What to produce
Only the pictures should be left out; repeat the rest of the data exactly.

Data below

+--

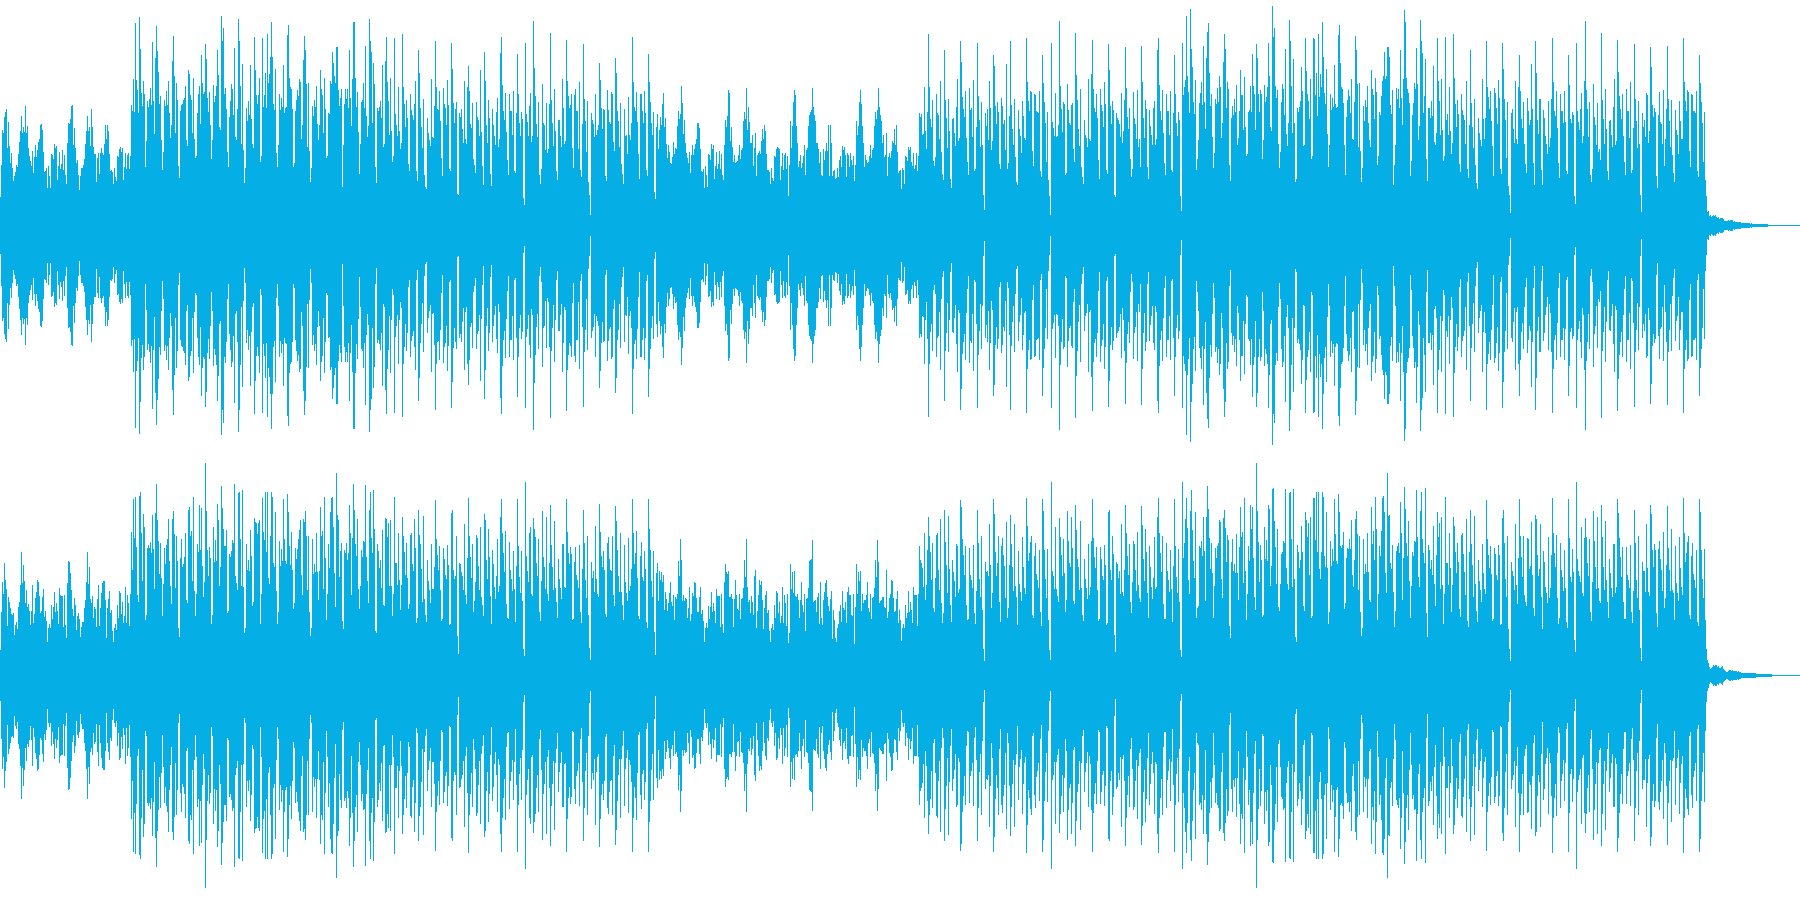 おしゃれ・エスニック・EDM・透明感4の再生済みの波形
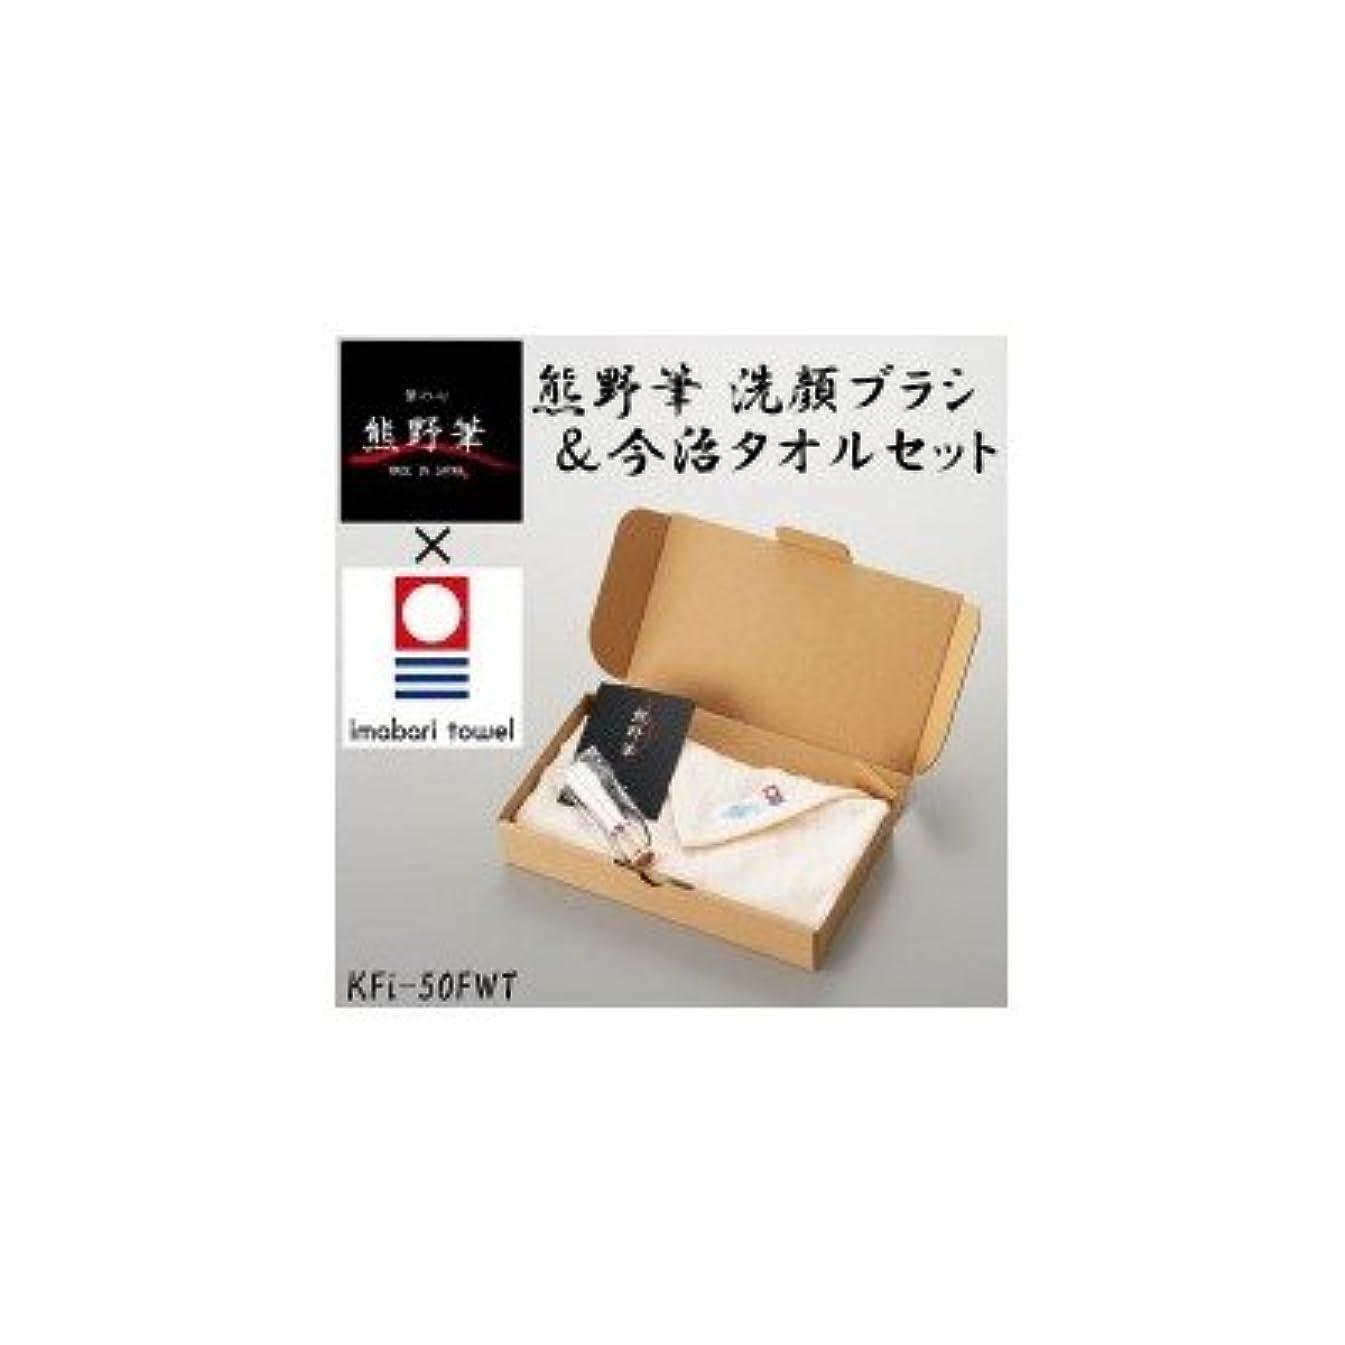 逃す延ばす敏感な熊野筆と今治タオルのコラボレーション 熊野筆 洗顔ブラシ&今治タオルセット KFi-50FWT
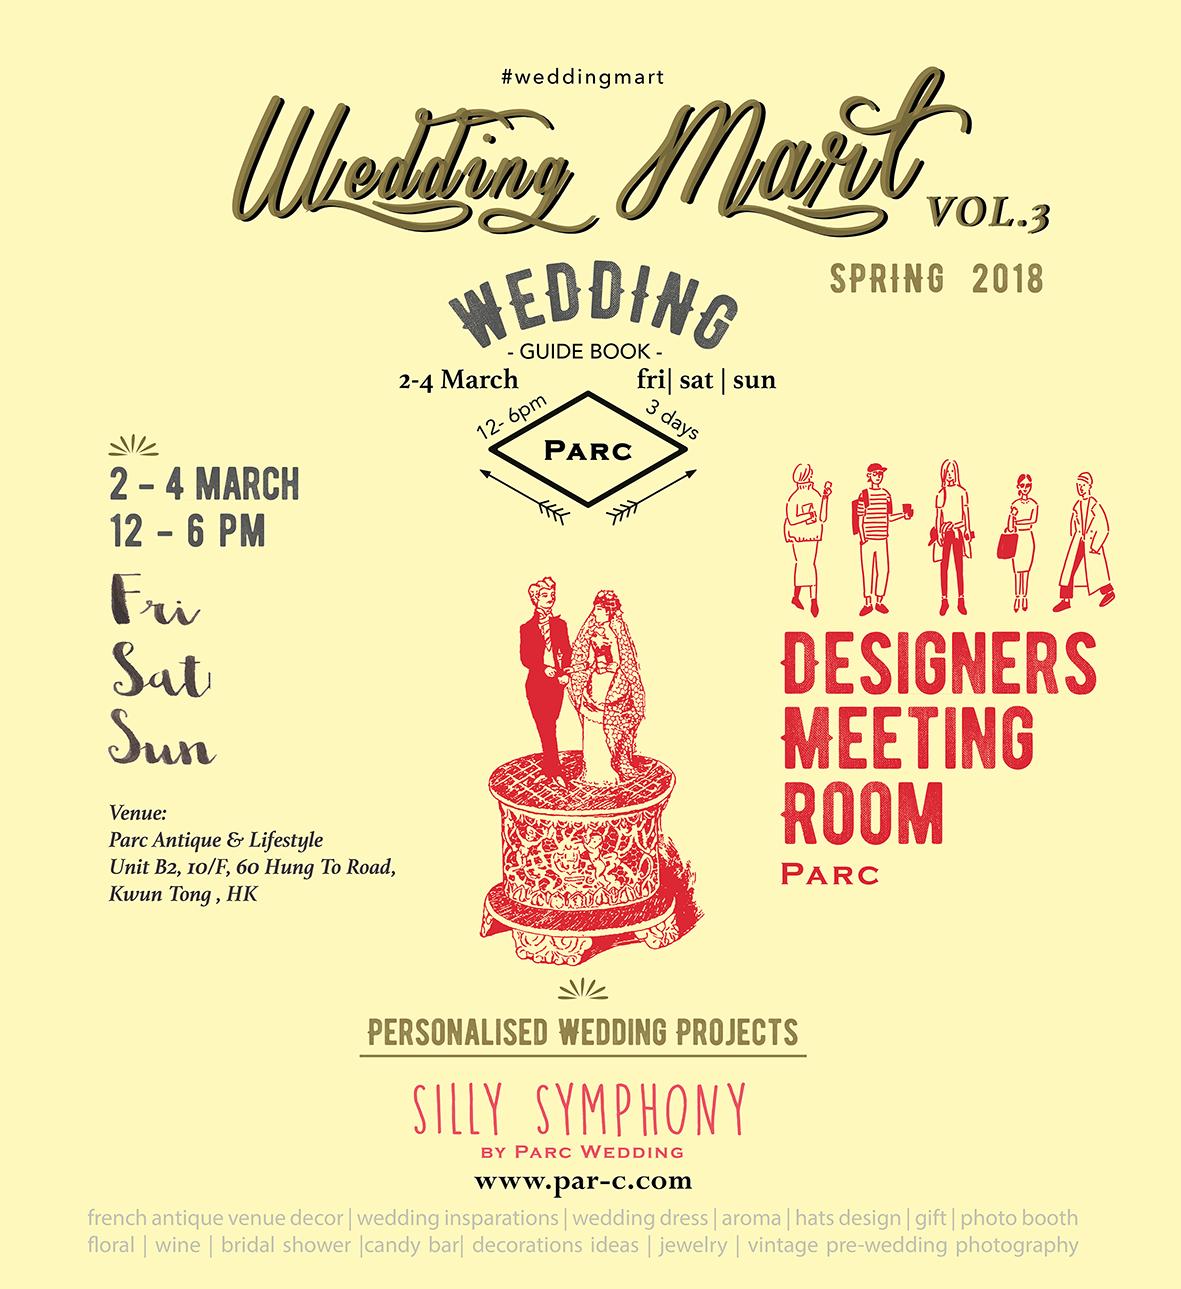 Designers Meeting Rooms - #WeddingMart

+--

Solution
 おしゃれ・エスニック・EDM・透明感4の再生済みの波形
 逃す延ばす敏感な熊野筆と今治タオルのコラボレーション 熊野筆 洗顔ブラシ&今治タオルセット KFi-50FWT
 Designers Meeting Rooms - #WeddingMart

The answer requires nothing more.